Last month, Climeworks (Zurich, Switzerland; www.climeworks.com) started operations of Orca, said to be the world’s first and largest climate-positive direct air capture (DAC) and storage plant. Located in Hellisheiði, Iceland, the Orca plant has a capturing capacity of 4,000 ton/yr of carbon dioxide, which will be permanently stored using a natural mineralization process developed by Carbfix Iceland ohf. (Reykjavík; www.carbfix.com).

The construction of Orca started in May 2020 and is based on advanced modular technology in the form of stackable, container-sized collector units (photo). This has made it possible for Orca to be operational in under 15 months. Compared to the previous technology generation, the use of steel in the collector units has been reduced by roughly half per output unit.
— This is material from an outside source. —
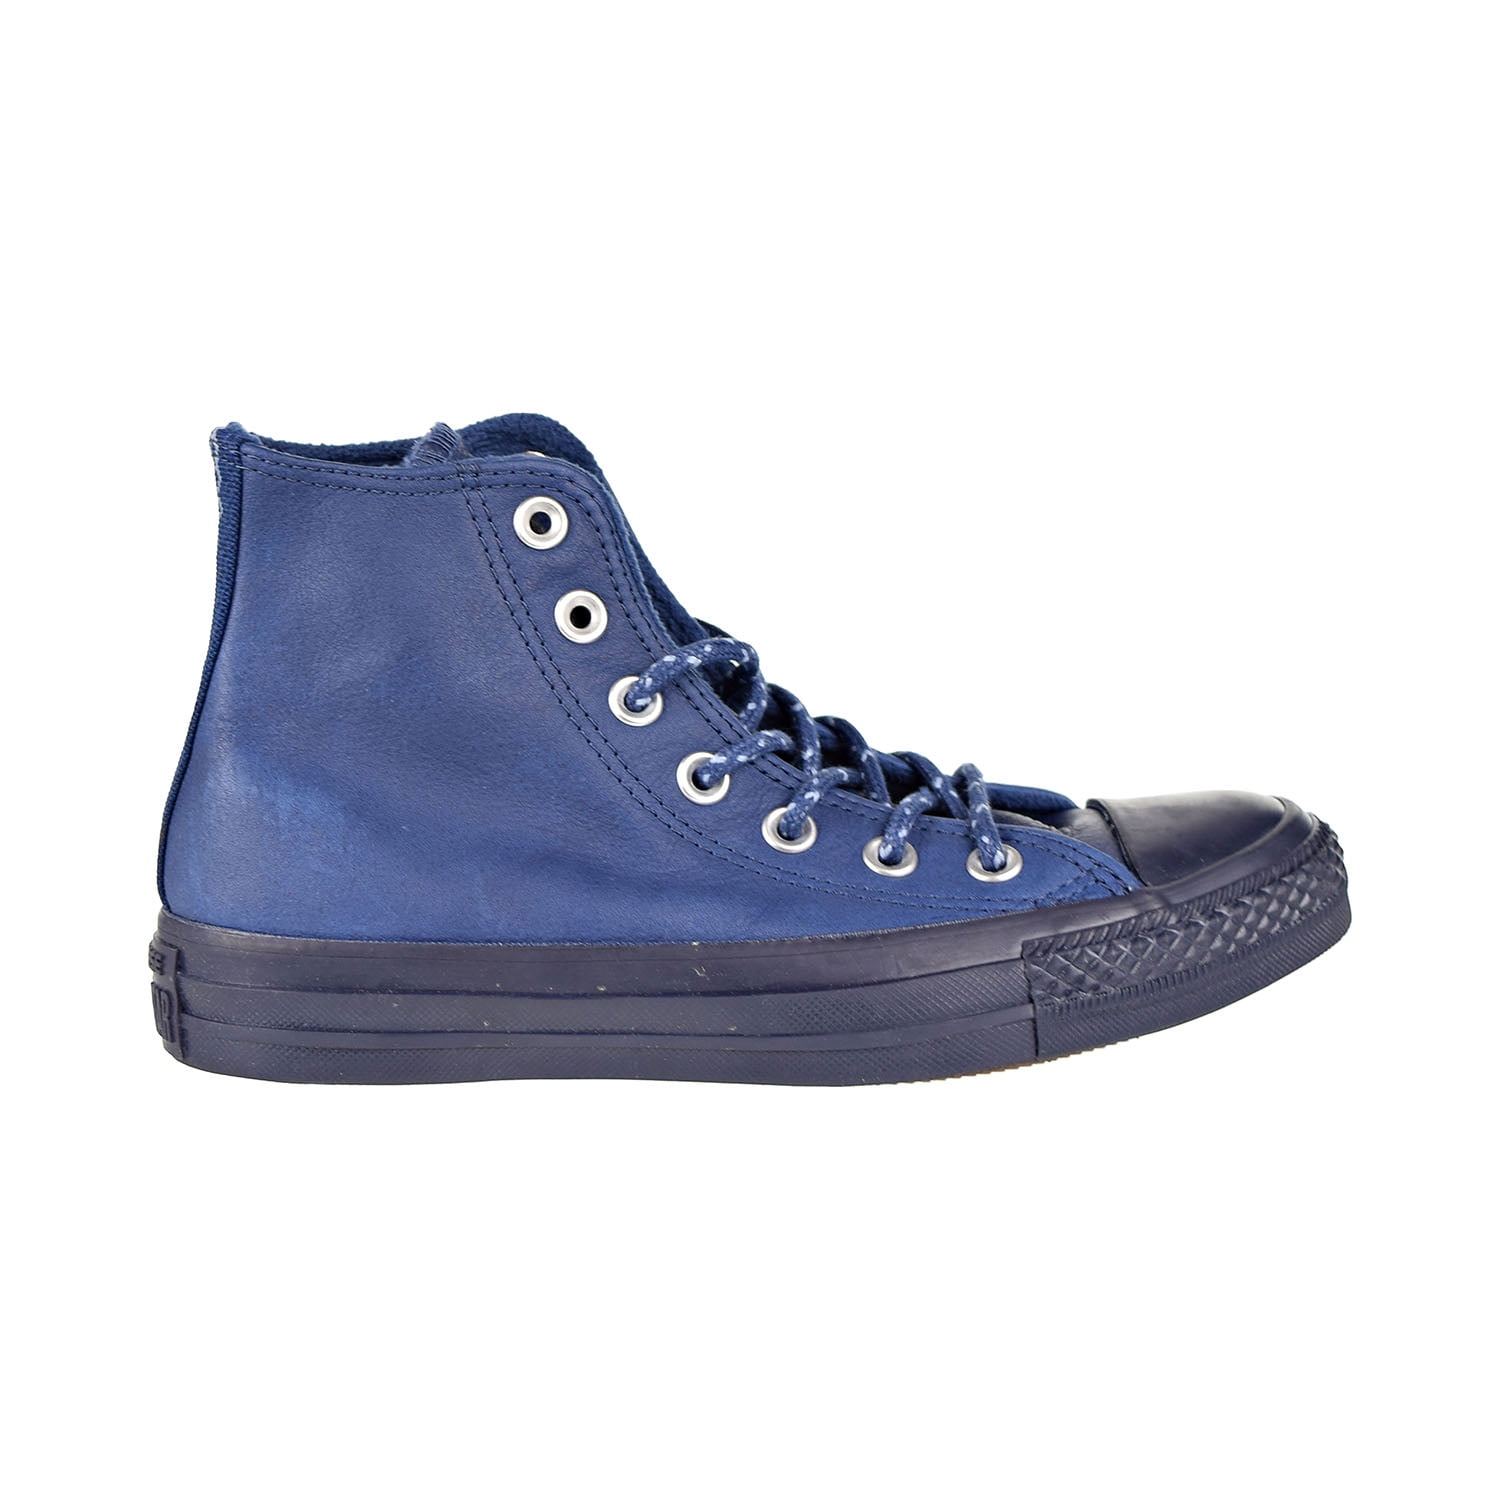 Converse Chuck Taylor All Star Hi Leather Men's Shoes Midnight Navy-Blue  Slate 157515c

Orca also supports the expansion of Climeworks, as the technology can easily be replicated at different locations worldwide and on ever-larger scales, in a flexible manner wherever ample renewable energy and storage conditions are available, the company says. Strategically located adjacent to ON Power’s Hellisheiði Geothermal Power Plant, Orca runs fully on renewable energy.

Carbfix mixes the air-captured CO2 with water and pumps it deep underground. Because the carbonated water is acidic, it reacts with rock formations to release available cations, such as calcium, magnesium and iron. Over time, these elements combine with the dissolved CO2 and form carbonates that fill up the pores within the rocks. The carbonates are stable for thousands of years and can thus be considered permanently stored. In the CarbFix pilot project that began in 2012, it was determined that at least 95% of the injected CO2 mineralizes within two years, much faster than previously thought. To date, over 70,000 tons of CO2 from industrial sources have been successfully stored at the Carbfix injection site in Hellisheiði.